== GIVEN DATA ==
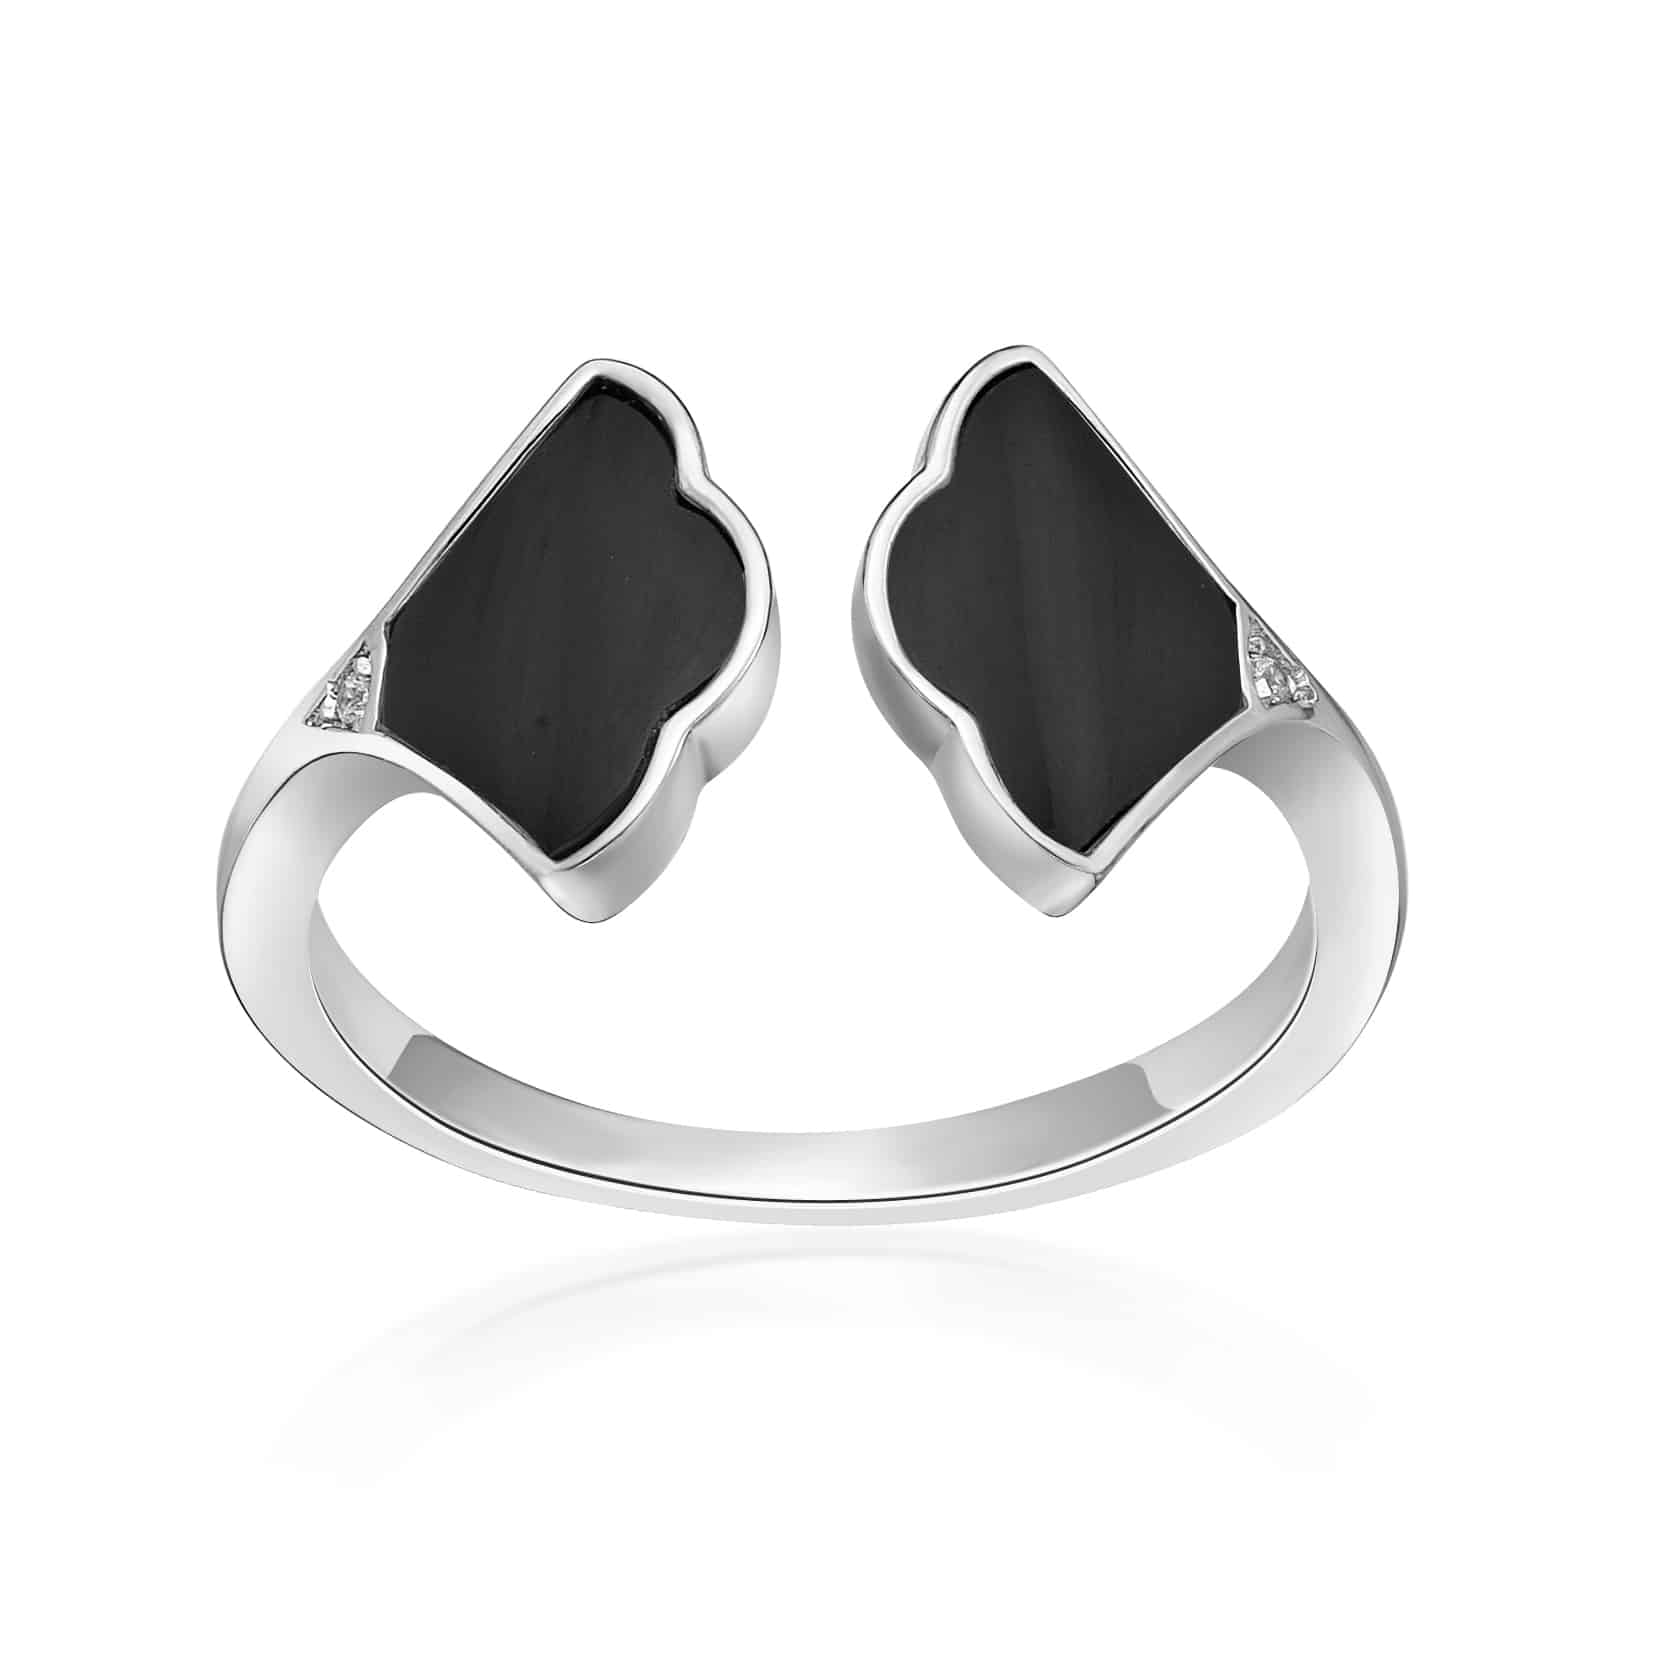 Handmade 925 Sterling Silver Black Onyx Mini Ring, Weight: 6g Approx, 4-16  Us Size Available at Rs 699/piece in Jaipur
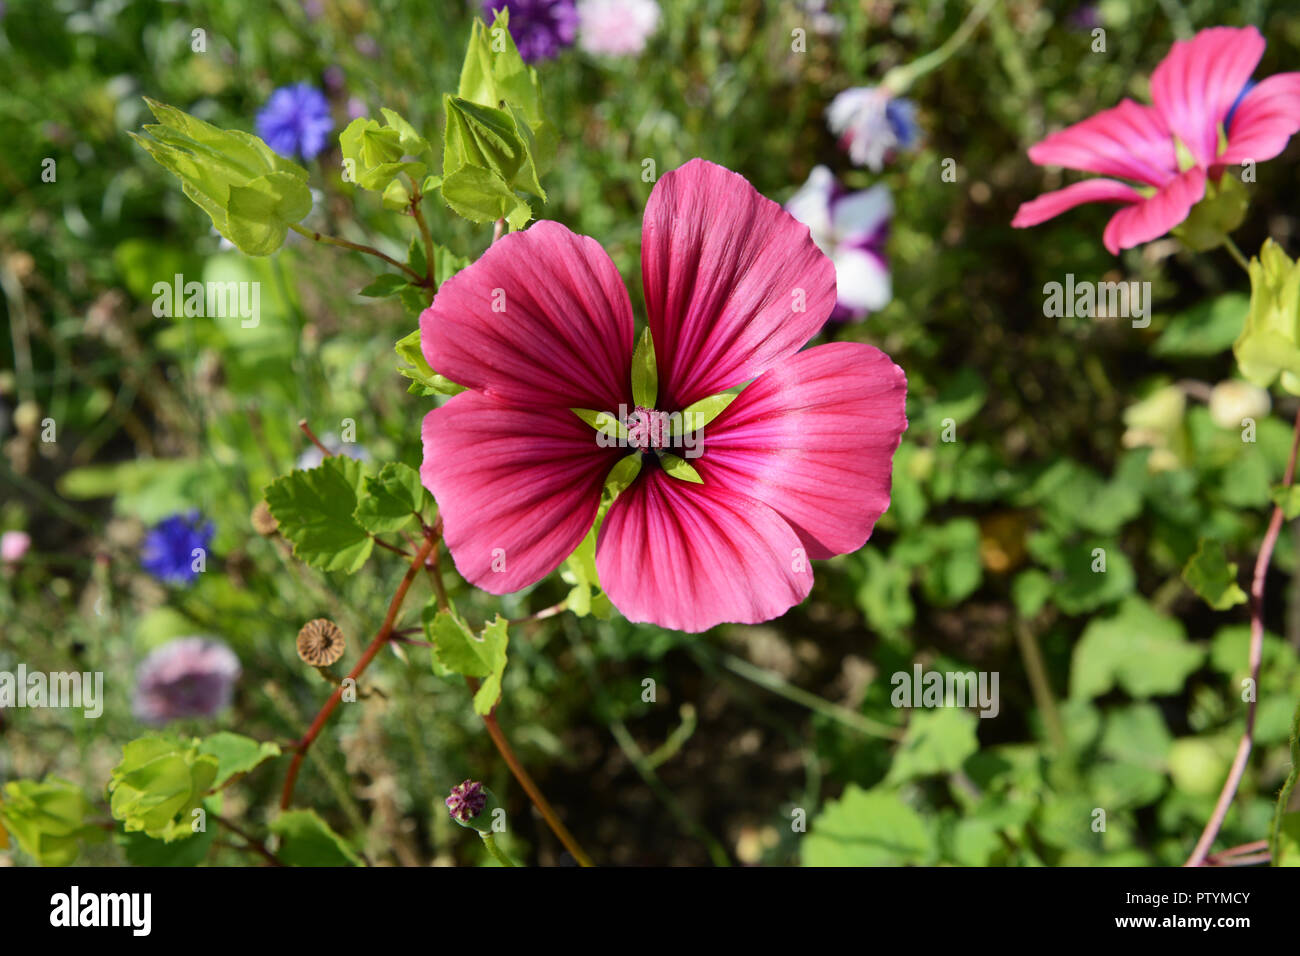 Malope flower - mallow wort - with five deep pink petals against flower bed background Stock Photo
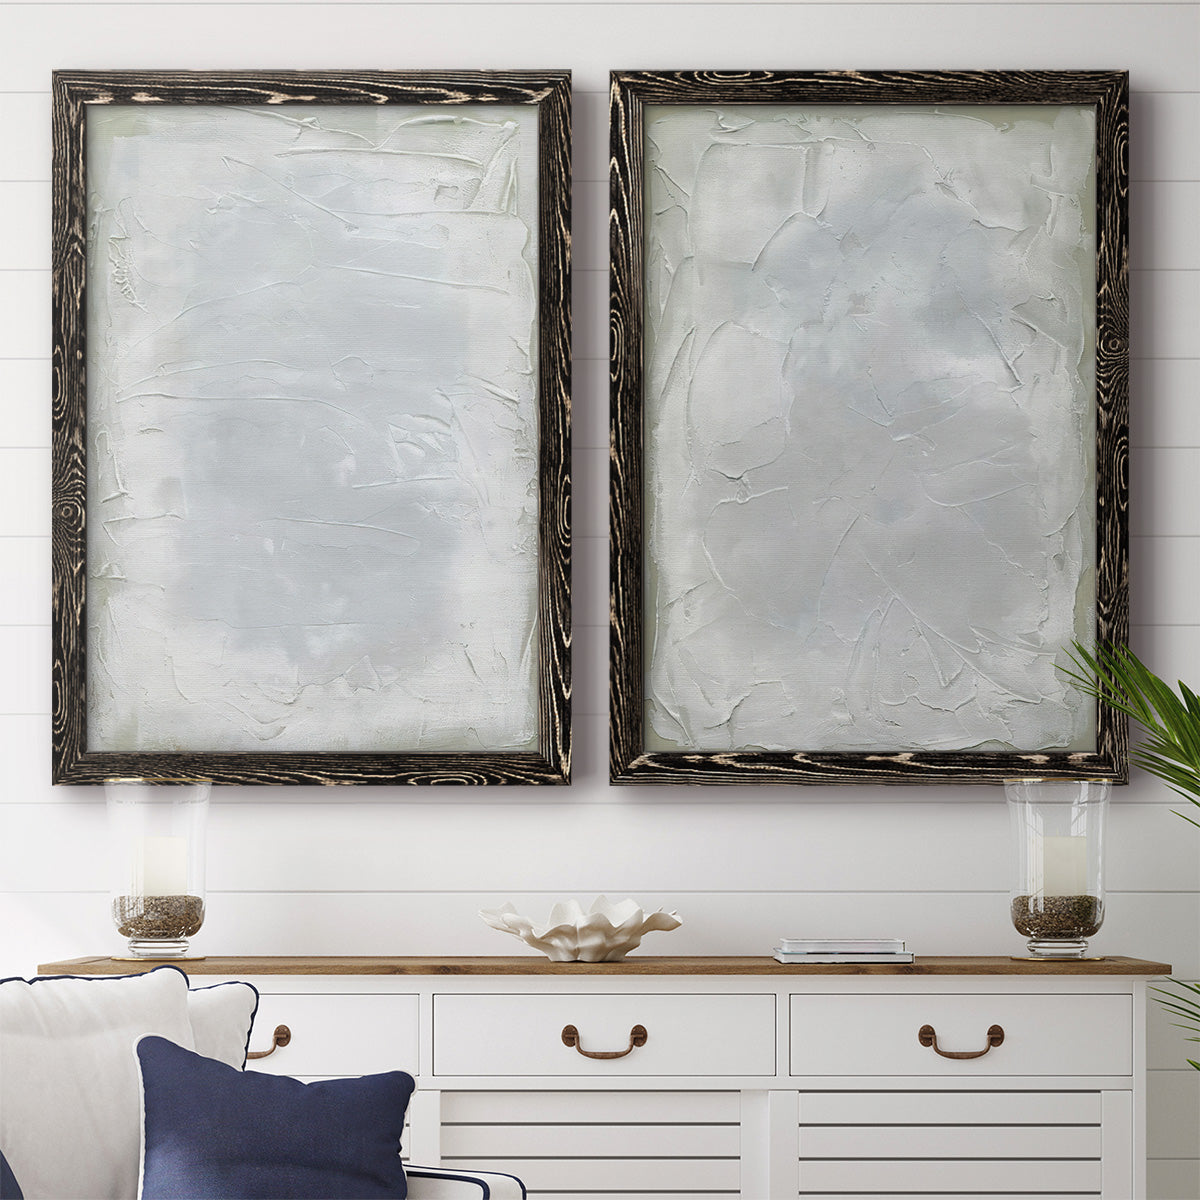 Subtle Transitions I - Premium Framed Canvas 2 Piece Set - Ready to Hang

== PROBLEM STATEMENT ==
Except for the pictures, print the data above exactly.

== EXERCISE ANSWER ==
 Handmade 925 Sterling Silver Black Onyx Mini Ring, Weight: 6g Approx, 4-16  Us Size Available at Rs 699/piece in Jaipur
 Malope flower - mallow wort - with five deep pink petals against flower bed background Stock Photo
 Subtle Transitions I - Premium Framed Canvas 2 Piece Set - Ready to Hang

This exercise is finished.